Question

If 20.5 g of NO and 13.8 g of O₂ are used to form NO₂, how many moles of excess reactant will be left over?

Answer 1

Answer: The number of moles of excess reactant
`O_2` left over will be, 0.089 moles.

Explanation : Given,

Mass of
`NO` = 20.5 g

Mass of
`O_2` = 13.8 g

Molar mass of
`NO` = 30 g/mol

Molar mass of
`O_2` = 32 g/mol

First we have to calculate the moles of
`NO` and
`O_2`.

`\text{Moles of }NO=\frac{\text{Given mass }NO}{\text{Molar mass }NO}`

`\text{Moles of }NO=(20.5g)/(30g/mol)=0.683mol`

and,

`\text{Moles of }O_2=\frac{\text{Given mass }O_2}{\text{Molar mass }O_2}`

`\text{Moles of }O_2=(13.8g)/(32g/mol)=0.431mol`

Now we have to calculate the limiting and excess reagent.

The balanced chemical equation is:

`2NO+O_2\rightarrow 2NO_2`

From the balanced reaction we conclude that

As, 2 mole of
`NO` react with 1 mole of
`O_2`

So, 0.683 moles of
`NO` react with
`(0.683)/(2)=0.342` moles of
`O_2`

From this we conclude that,
`O_2` is an excess reagent because the given moles are greater than the required moles and
`NO` is a limiting reagent and it limits the formation of product.

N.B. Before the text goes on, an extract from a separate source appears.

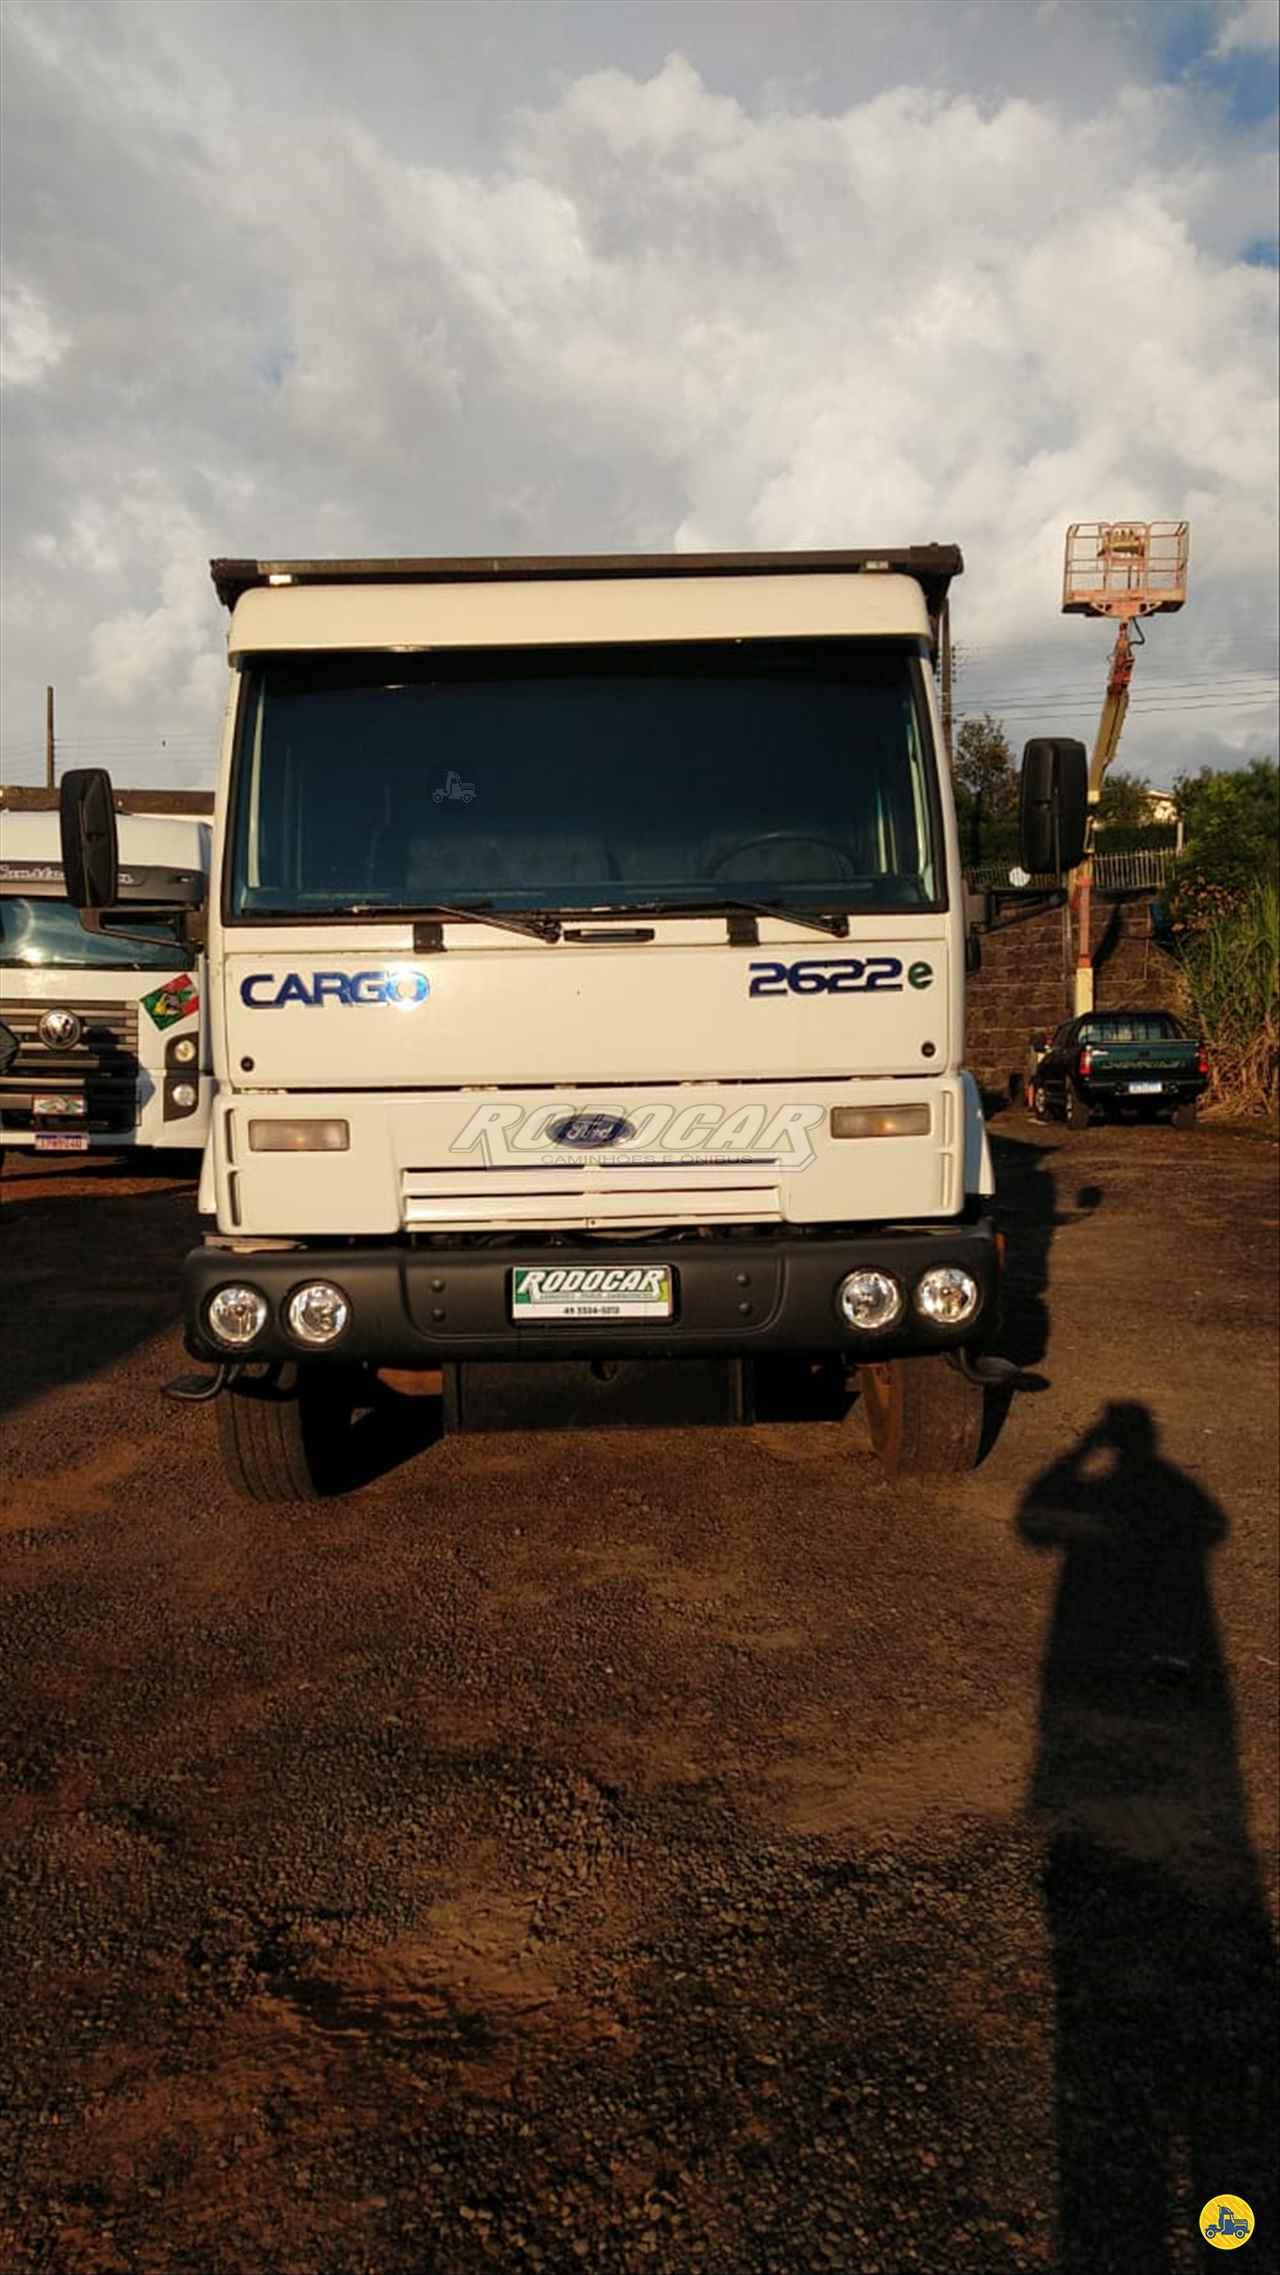 CAMINHAO FORD CARGO 2622 Caçamba Basculante Traçado 6x4 Rodocar Caminhões CHAPECO SANTA CATARINA SC
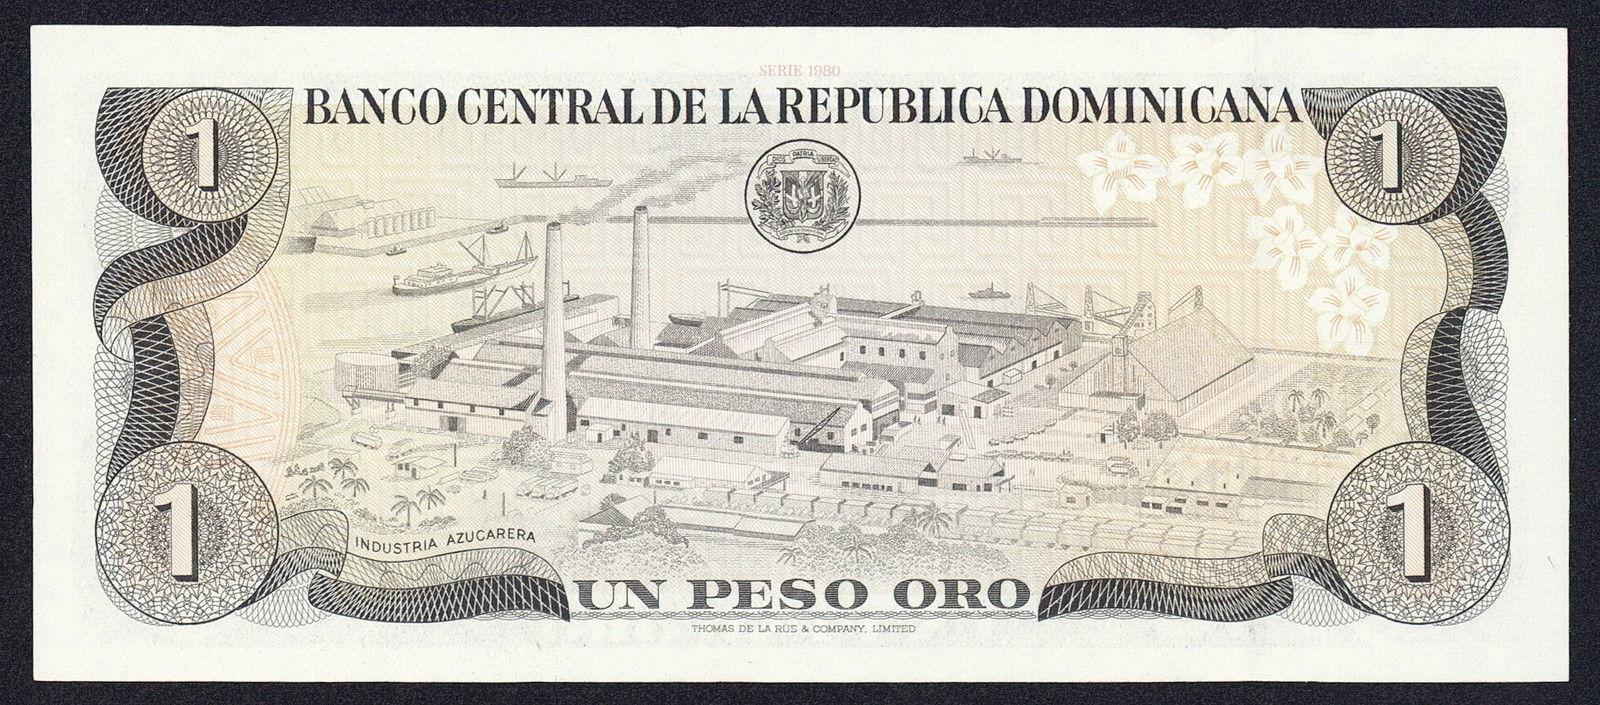 Dominican Republic 1 Peso Oro Banknote 1980 Juan Pablo

Now we have to calculate the moles of excess reactant
`O_2` left over.

Number of moles of excess reactant
`O_2` left over = Given moles - Required moles

Number of moles of excess reactant
`O_2` left over = 0.431 mol - 0.342 mol

Number of moles of excess reactant
`O_2` left over = 0.089 mol

Therefore, the number of moles of excess reactant
`O_2` left over will be, 0.089 moles.